Lignin is the second-most abundant biomass type on Earth, accounting for 30% of the organic carbon [1–3]. Lignin is obtained in large amounts (approximately 60 to 70 million tonnes) as a by-product of the paper and pulp industries. As such, it is one of the most significant renewable organic feedstocks but is currently vastly underutilized compared to cellulose [4]. Lignin is one of the few renewable aromatic biopolymers and stands out for its aromatic nature among other biopolymers [5]. Approximately 98% of lignin is currently used as a source of energy and heat [6].
Based on the plant species, tissue type, and specific cell wall layer, lignin is made up of aromatic units that have different structures and ratios of aromatic units.[7] In general, lignin is made up of phydroxyphenyl (H), guaiacyl (G), and syringyl (S) units. The S, G, and H units interlink with each other by different linkers/bonds: β-O-4 (β-ether), α-O-4, β-β (resinol), and β-5 [8]. The β-O-4, β-β, β-5, PhOMe, PhOH, aliphatic methoxy and aliphatic alcohol, aromatic H, and aldehyde type of lignin substructures and linkages are the prevalent structural fragments that are typically analyzed quantitatively. [8, 9] Analytical techniques can determine the types of monolignols and their contents, the distribution of inter-unit linkages, and the functional groups that make up lignin's chemical structure. For advanced applications of lignin, regardless of the depolymerising approach, fundamental knowledge of its structural features and physicochemical properties is essential [10].

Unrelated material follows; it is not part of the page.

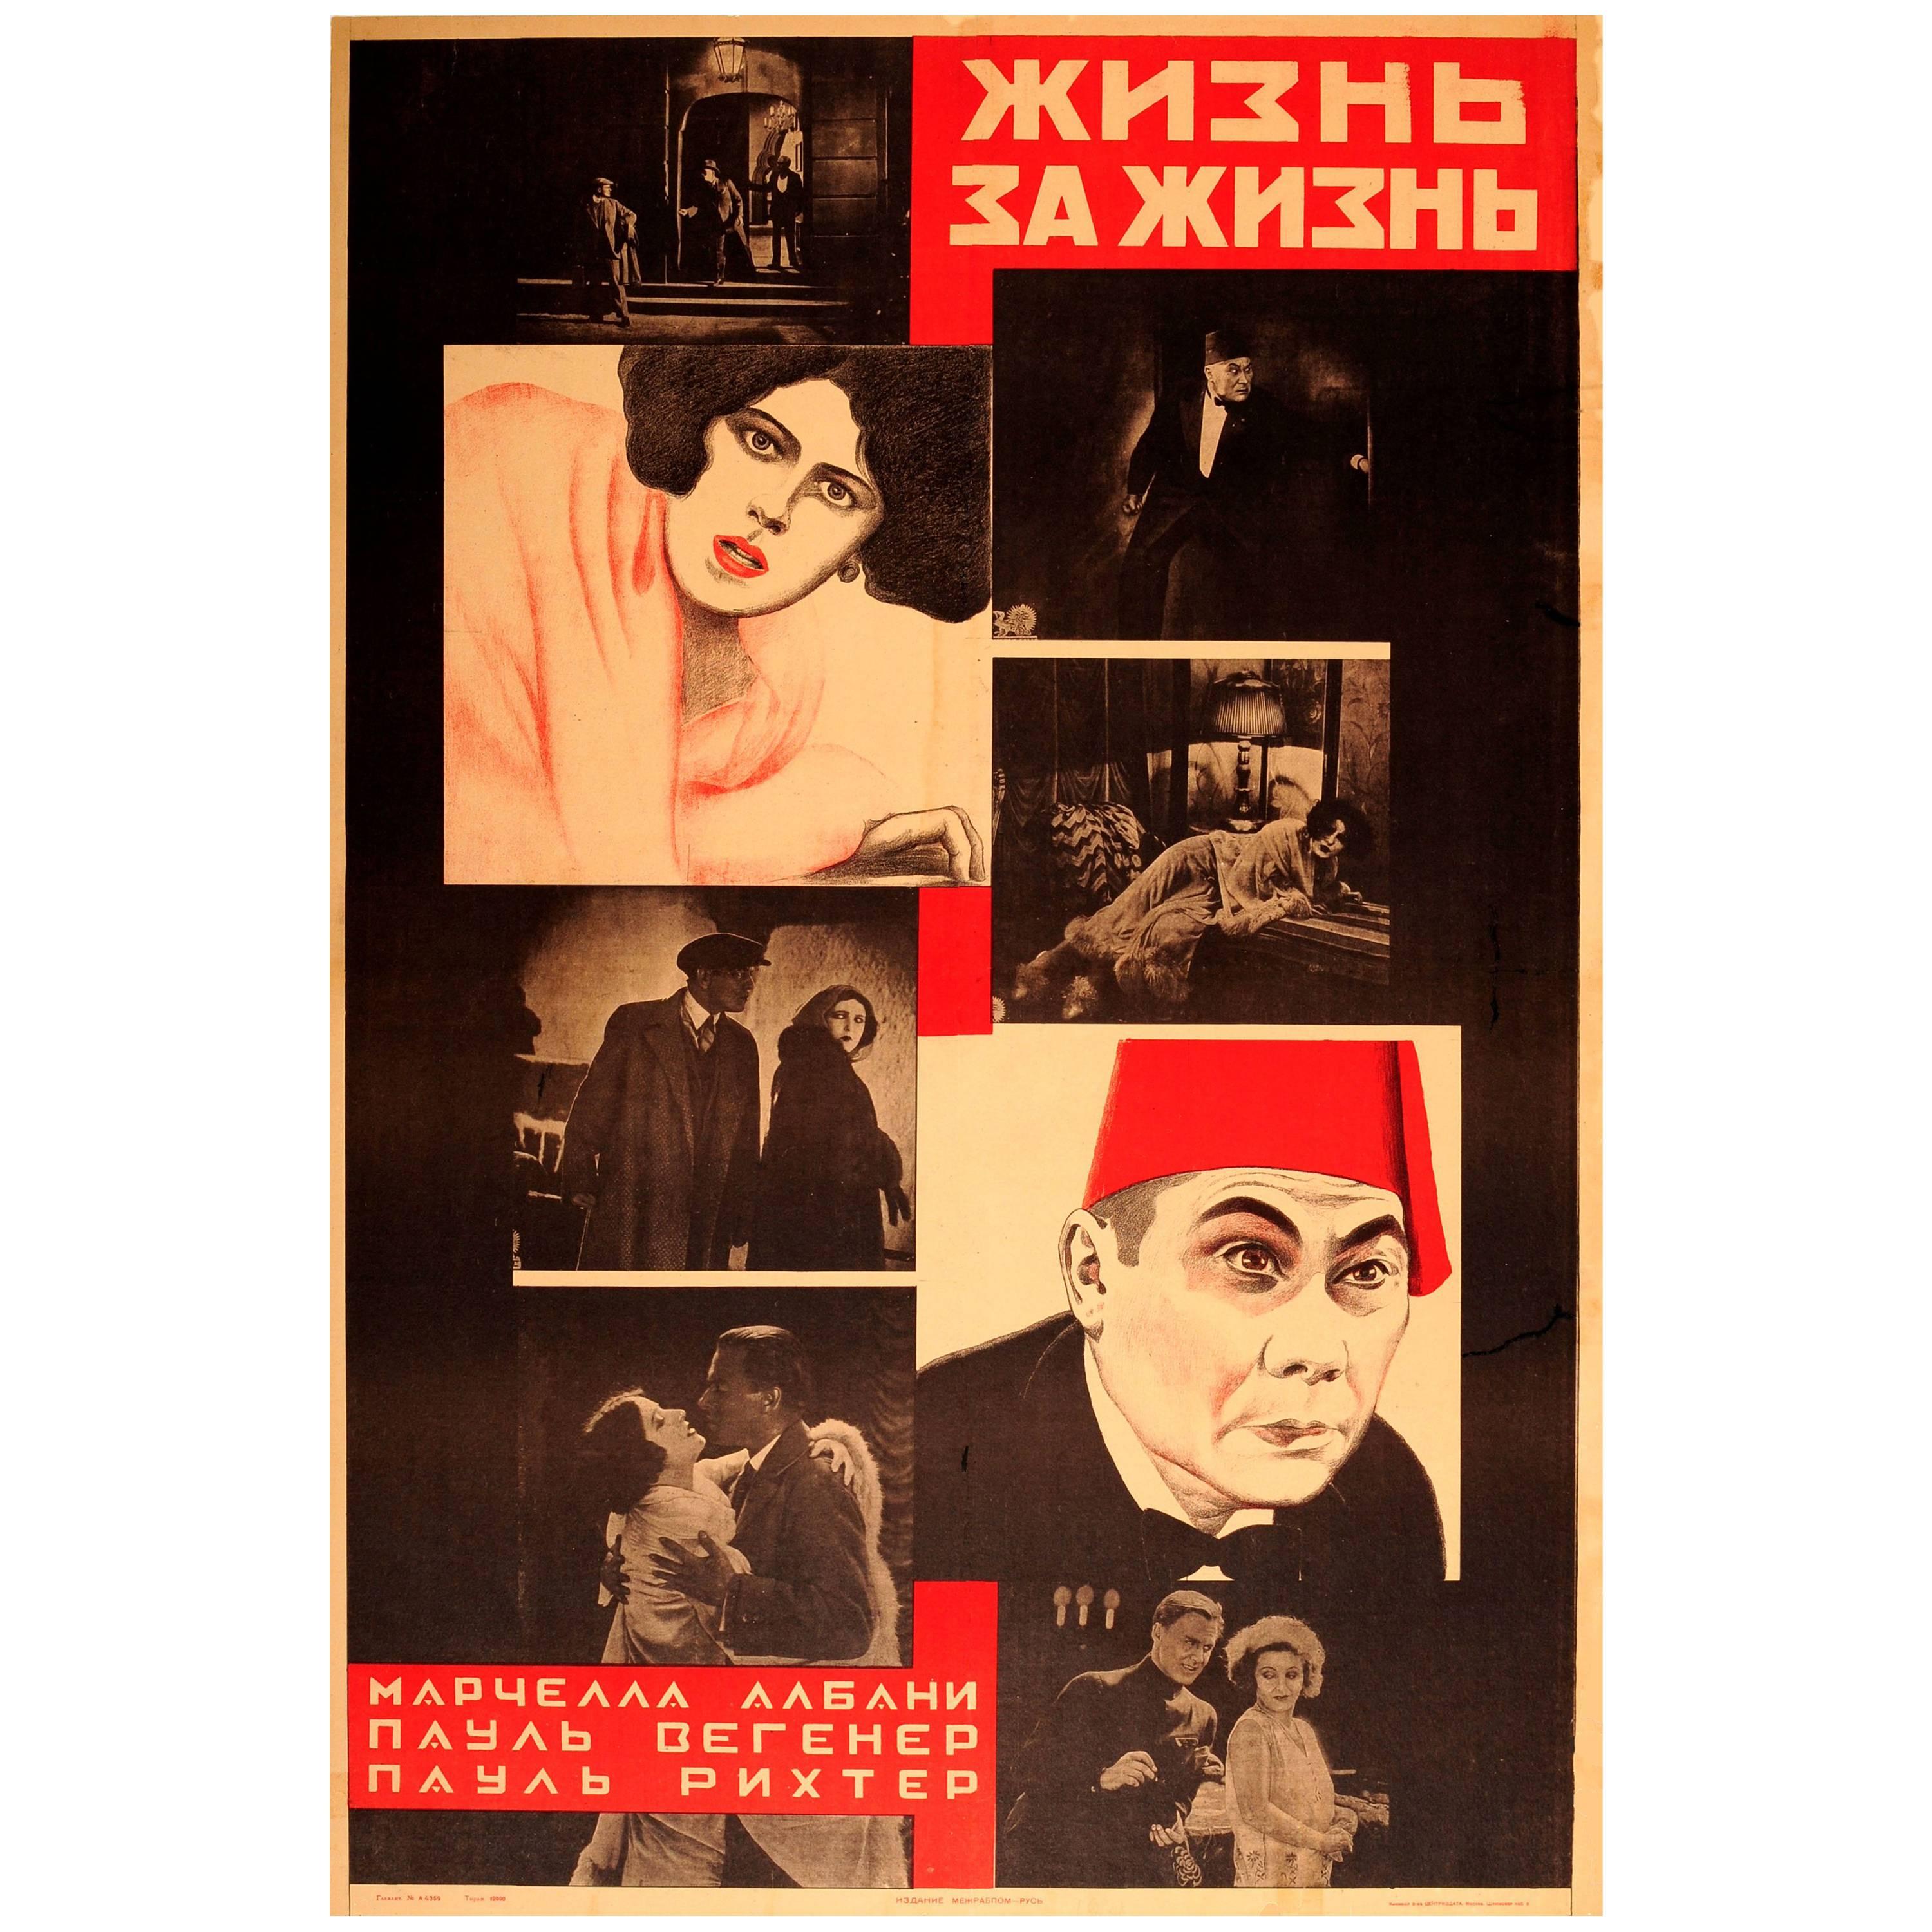 Original Soviet Constructivist Design Movie Poster for a Silent Film - Dagfin For Sale
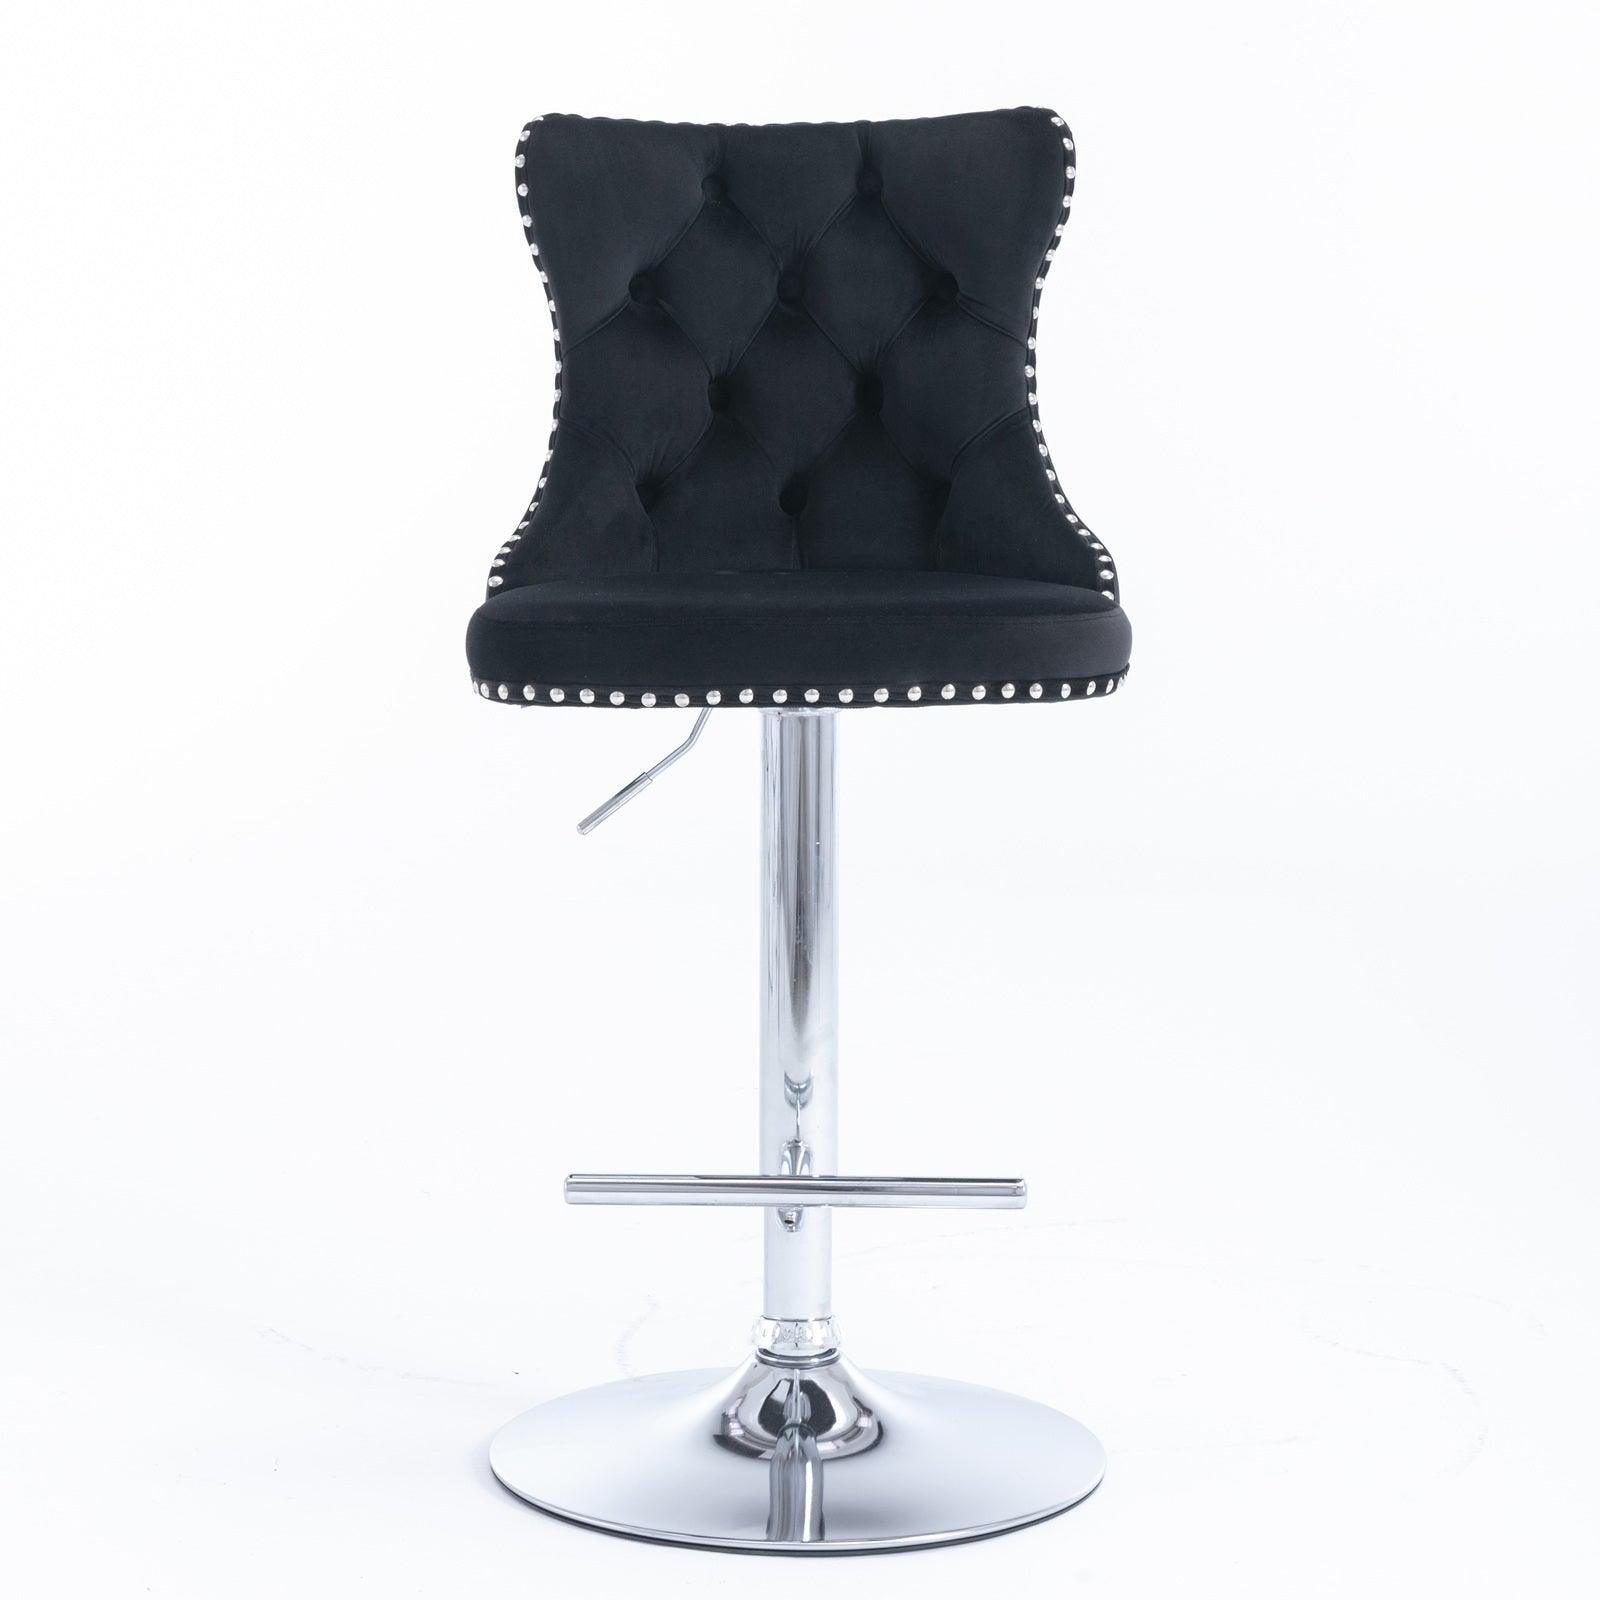 🆓🚛 Swivel Velvet Barstools Adjusatble Seat Height From 25-33 Inch, Modern Upholstered Chrome Base Bar Stools With Backs Comfortable Tufted for Home Pub & Kitchen Island（Black, Set Of 2）

Quantitative NMR (qNMR) spectrometry seems to be the most widespread and versatile technique for the quantitative analysis of lignin [11, 12]. It enables determining numerous structural characteristics of lignin by using 1H [13], 13C [14–16], or 31P [17] (after derivatization) as the nuclei, as well as different two-dimensional techniques [6, 18, 19]. We recently developed an interest in determining the possible accuracy attainable through qNMR analysis of lignin, and we conducted a literature survey [2]. The literature analysis revealed several measurement uncertainty sources inherent in the measurement, e.g., repeatability of spectra (especially if the signal-to-noise ratio is low), the accuracy of peak integration (especially in the case of baseline irregularities), an overlap of signals of interest with other signals, etc.,[16] as well as different NMR-specific uncertainty sources, such as deviations in coupling constant, resonance offset effects, effects of 1H T1 relaxation, etc. [18, 19].
Interestingly, however, very little attention was devoted to possible uncertainty arising from sampling or subsampling of lignin. At the same time it is widely recognised that sampling (or subsampling) is among the most important uncertaintybsources in most of chemical analysis [20–22].
Although lignin can be reasonably homogeneous, it is still a natural material and a solid, and such materials are always, at least to some extent inhomogeneous. Thus, subsamples taken from the same bulk of lignin can well have somewhat different compositions and, therefore, give different NMR spectra.
Uncertainty from sampling was mentioned only in a couple of reports [16, 23], and only in one of them was some quantitative data presented [23]. This information enabled us to approximately estimate the subsampling and sample preparation variability, which was found to range from RSD 5–8%. At the same time, in most reports, even the most in-depth ones, sampling/subsampling is not mentioned at all. As a result, in many cases, it is not known whether replicate measurements were carried out using the same or different samples/subsamples. In such cases, when an RSD estimate between replicate measurements is given, its meaning remains quite obscure.
Considering this, we decided to investigate what could be the uncertainty due to the inhomogeneity of subsampling in the analysis of commercial lignin and how it compares with the variability of the NMR spectrometric analysis itself.